Simon, who is pursuing a certificate in entrepreneurship through the Keller Center, said she is focusing on the 2K Miler Club to meet the certificate’s independent work requirement. She said that, originally, she had intended to pursue a more traditional path toward her independent work, but the experience of developing the project inspired her to shake things up.

“I’d never really thought of myself as someone who would pitch a completely new type of independent work to my advisor, nonetheless to campus administrators, but Professor Kogan’s course inspired me to push myself beyond my limits,” Simon said.


Majora Carter

In her seminar on innovation and design, Carter helps students overcome obstacles blocking them from developing creative solutions to challenging problems. Carter, a MacArthur Fellow and Peabody Award-winning broadcaster, tells the story of working with students who worried that they were not born with a “creativity gene” and feel destined to follow a restrictive path. “Watching those same students move beyond their self-imposed boundaries, apply practices they learned in class, and utilize talents and connections they were not previously aware of was easily the most inspiring part of my semester,” she said.

Alice Kogan

Kogan joined the Keller Center after spending seven years at the design and innovation consultancy IDEO, where she led teams of designers to create new products, services, and experiences across a range of industries and types of challenges. She teaches Creativity, Innovation, and Design, the Keller Center’s foundational design course. Kogan said the course challenges the students in ways that are meant to push them to rethink what it means to approach difficult problems. “What’s perhaps most impactful about this class is the way in which it teaches them to approach problem-solving in ways completely counter to what’s made them successful prior to and at Princeton. They are pushed to come up with big, bold, outrageous ideas, rather than correct ones. They are nudged to question things they take for granted.”

Christopher MacPherson

A computer scientist who worked for the National Security Agency and the Pentagon on counter-terrorism, MacPherson did not take a typical path to academia. So, it is not surprising that he tells his students to embrace ambiguity and seek new trails to blaze.

“Moving forward doesn’t always happen in a straight line,” he said.

MacPherson, who has a graduate degree from the School of International and Public Affairs, said the design courses at the Keller Center introduce students to problems without well-defined solutions.
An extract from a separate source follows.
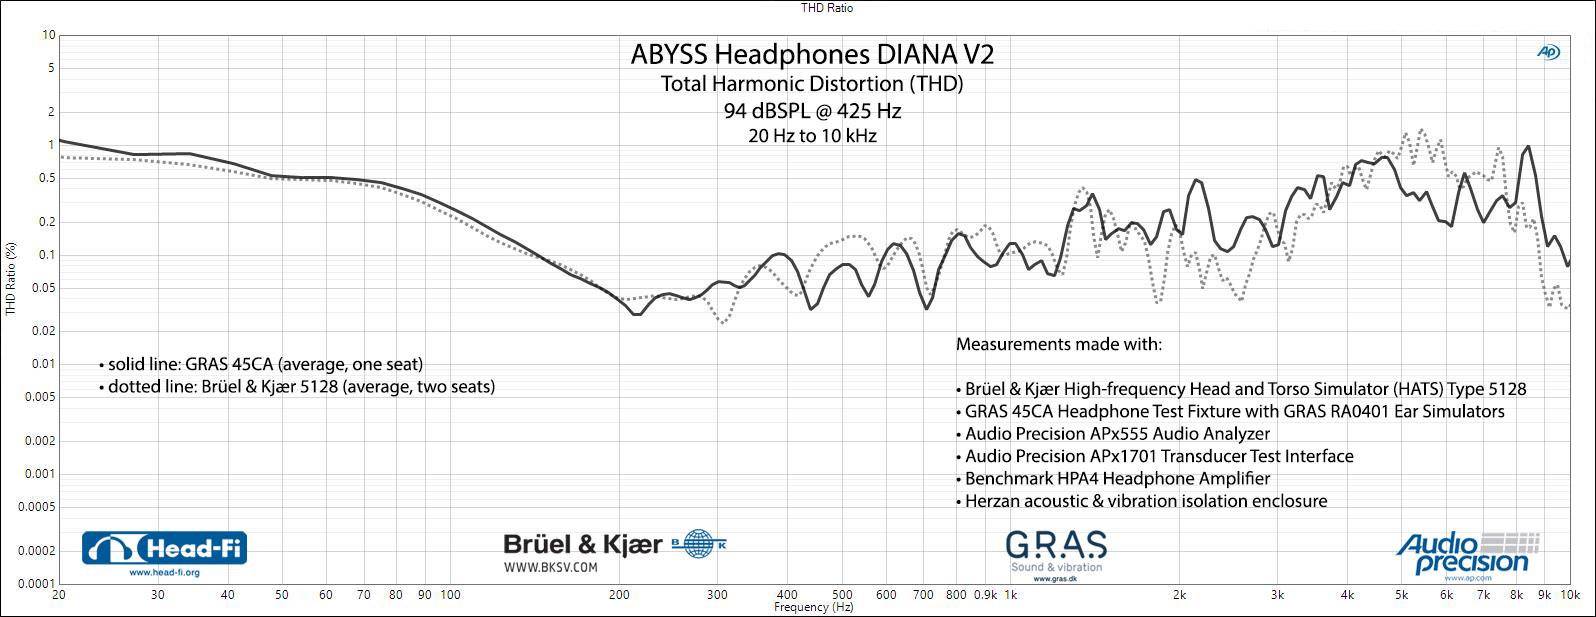 Abyss-Headphones-Diana-V2---THD---94-dBSPL-425-Hz---5128-and-45CA.jpg

He said students learn that “the way we frame a question is often as crucial as the solutions that we propose.”

Joy Marcus

The former EVP and GM of Digital Video for all Conde Nast publications including The New Yorker and Vogue, Marcus ‘83 is the co-founder and General Partner of The 98, a venture fund that invests in women-led technology businesses disrupting industry. Marcus served as the James Wei Visiting Professor in Entrepreneurship in 2014 and 2015. In her course, Creating Value, Marcus introduces students to the building blocks of successful entrepreneurship. “We start with a discussion of mindset,” Marcus said, reflecting on the way that inner dialogue affects creativity. The students then master a tool kit of techniques that allow them to transform ideas into solutions. “We apply the tool kit to some of the biggest problems in the world as expressed in the U.N.’s Sustainable Development goals,” she said.